## AIM OF THE TASK
Find the line that contains "The clocktower at". Copy it and every line after it to the end of the material below, exactly, with no pictures.

## RAW DATA
+ + + + +

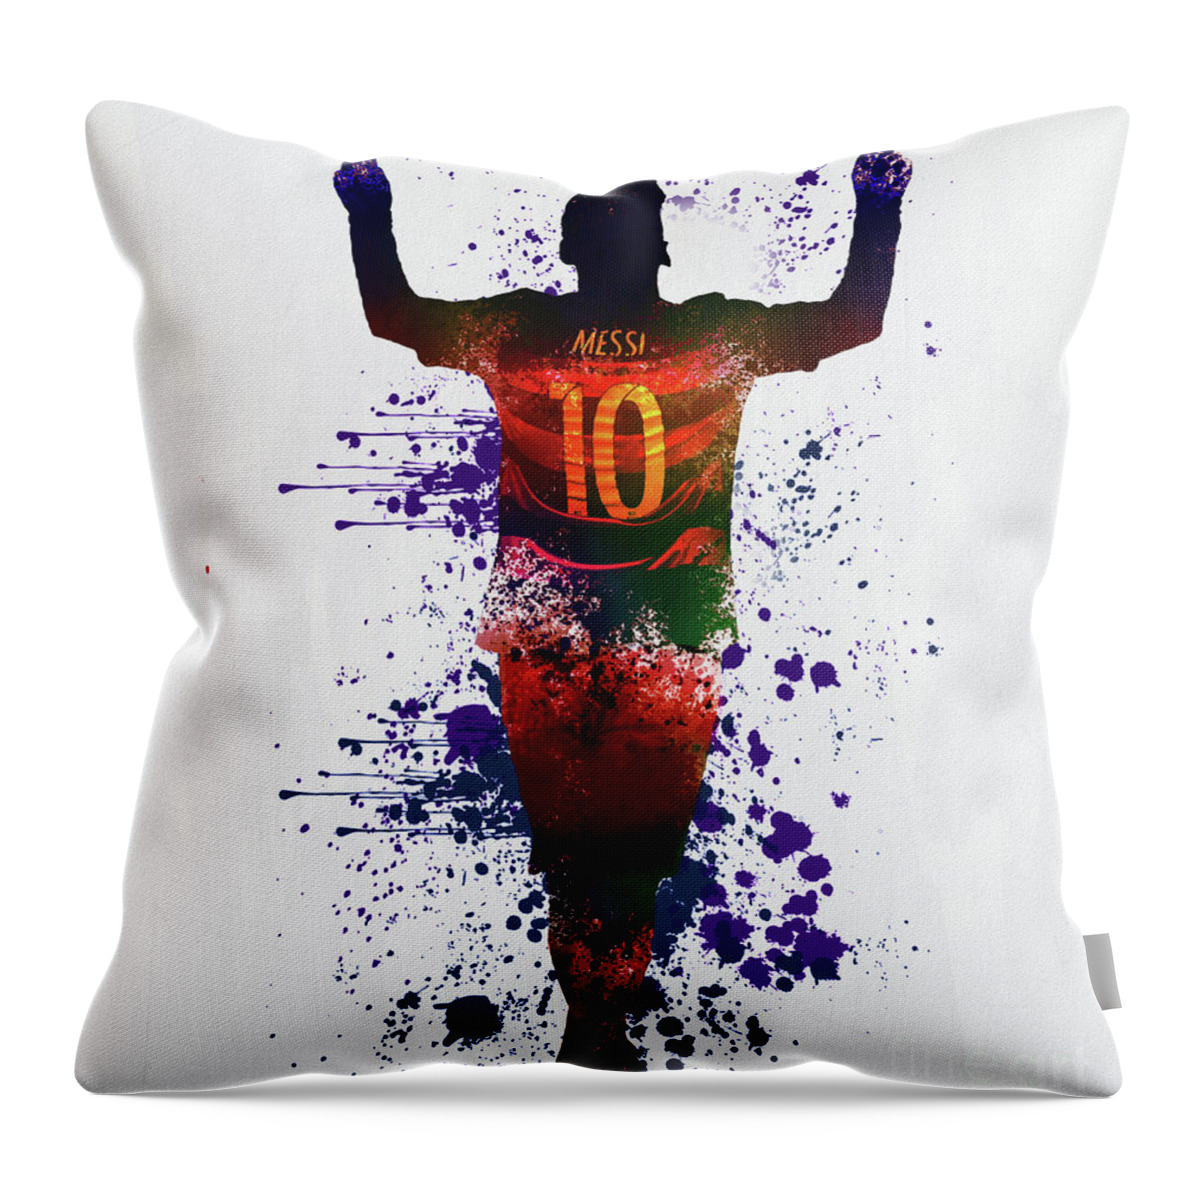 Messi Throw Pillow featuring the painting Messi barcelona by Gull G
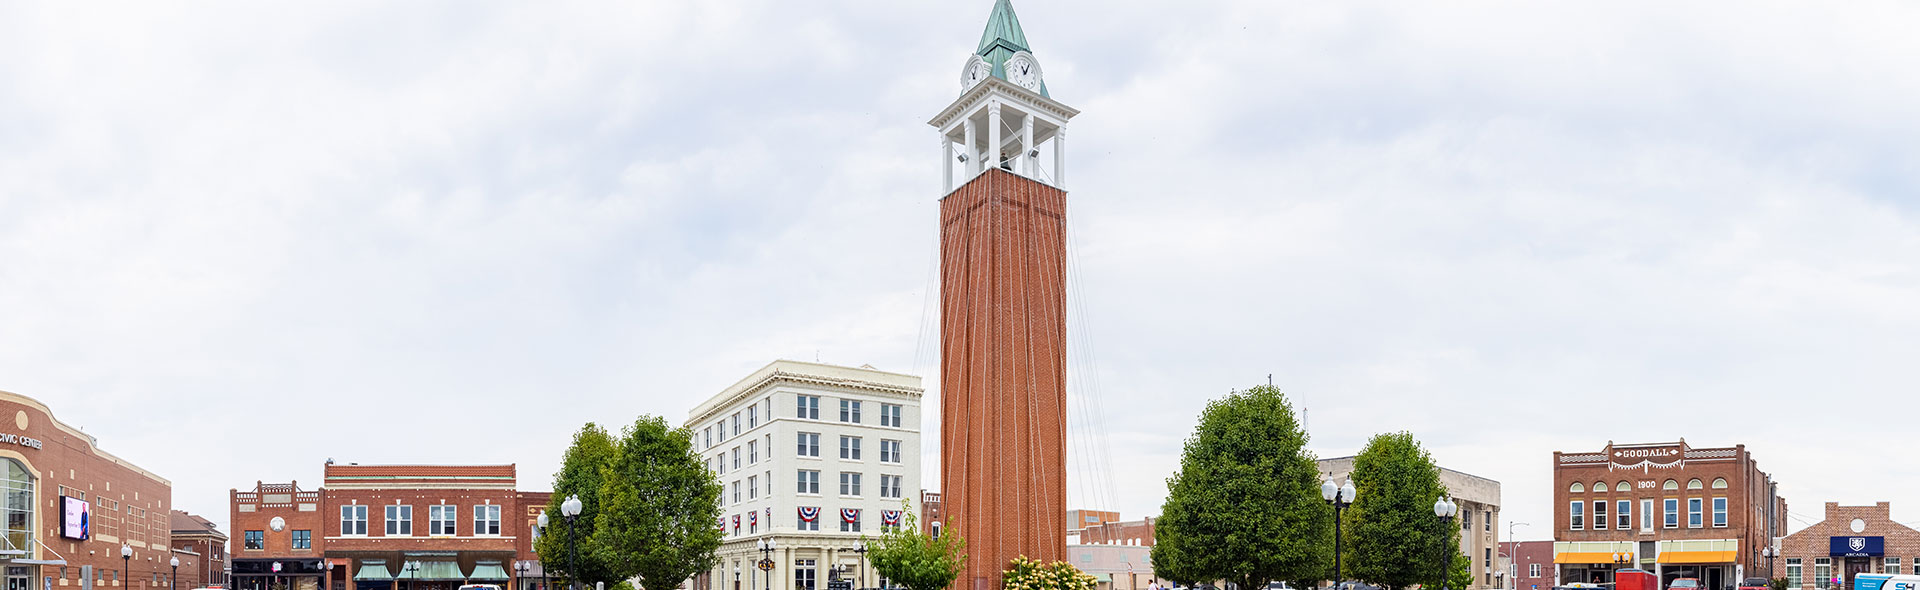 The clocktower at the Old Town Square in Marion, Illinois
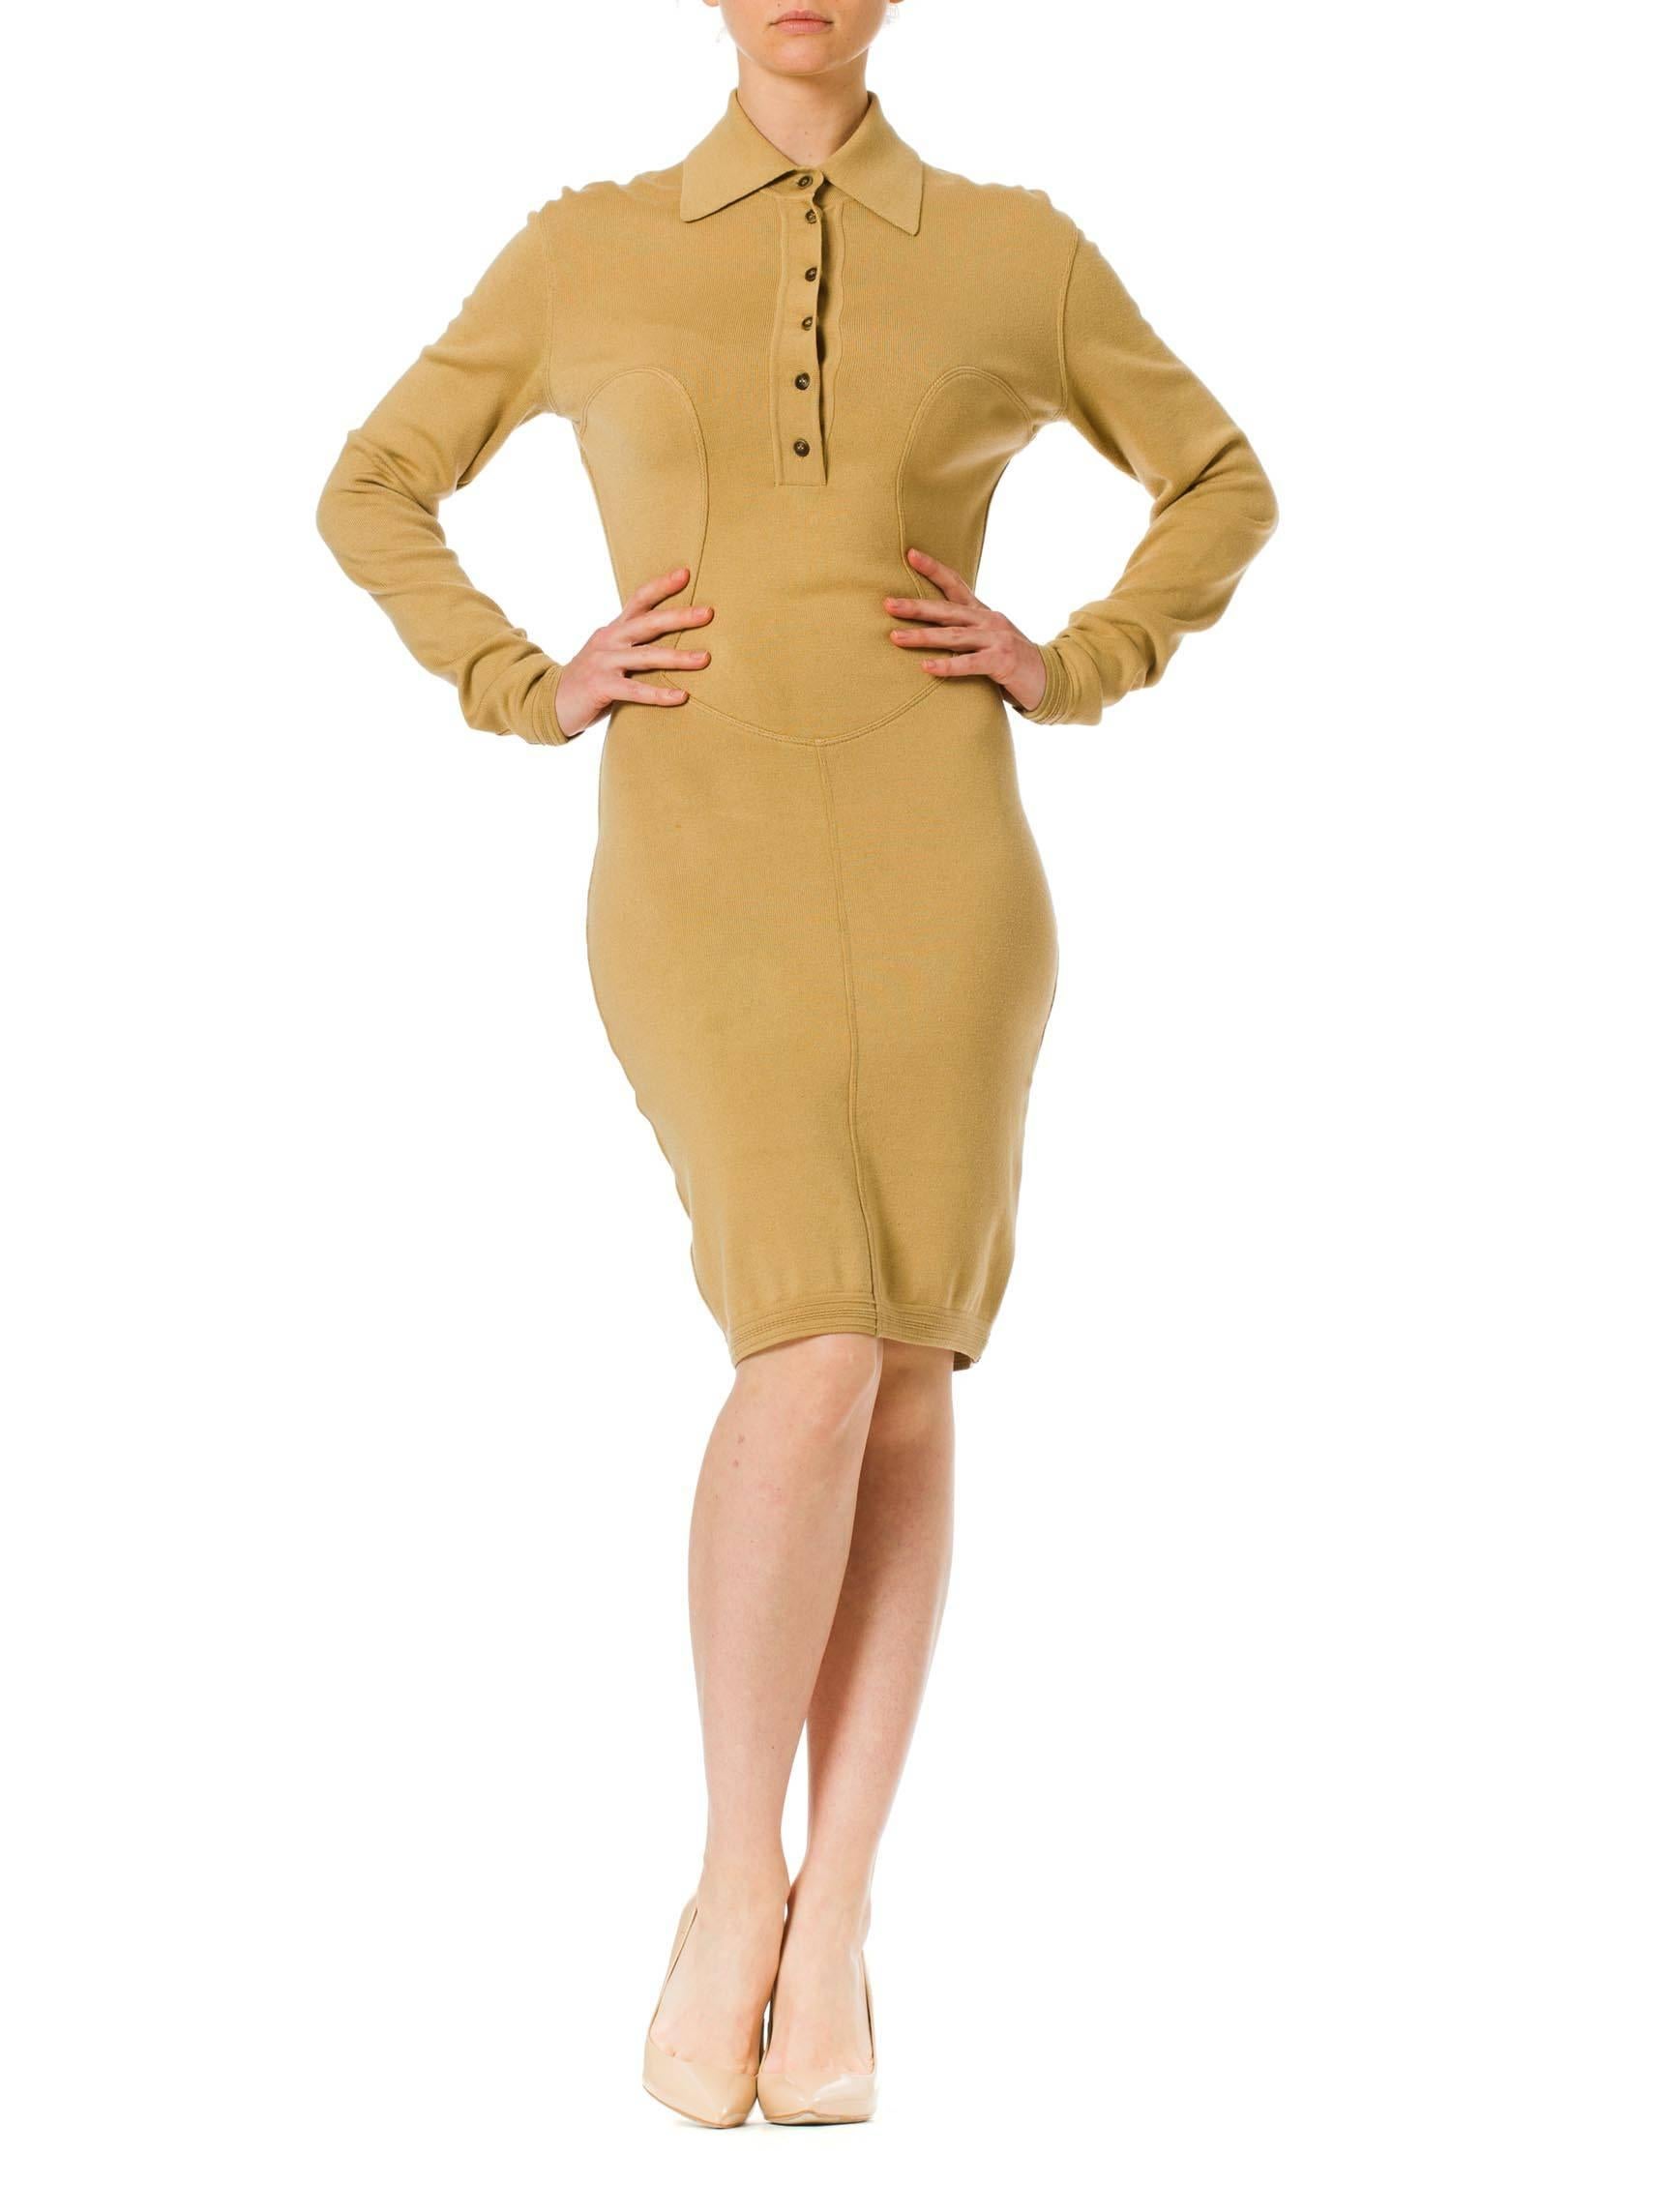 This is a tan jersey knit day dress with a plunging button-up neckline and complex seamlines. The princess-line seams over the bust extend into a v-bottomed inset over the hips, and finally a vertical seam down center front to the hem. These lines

+ + + + +

## TASK SOLUTION
 The clocktower at the Old Town Square in Marion, Illinois
 This is a tan jersey knit day dress with a plunging button-up neckline and complex seamlines. The princess-line seams over the bust extend into a v-bottomed inset over the hips, and finally a vertical seam down center front to the hem. These lines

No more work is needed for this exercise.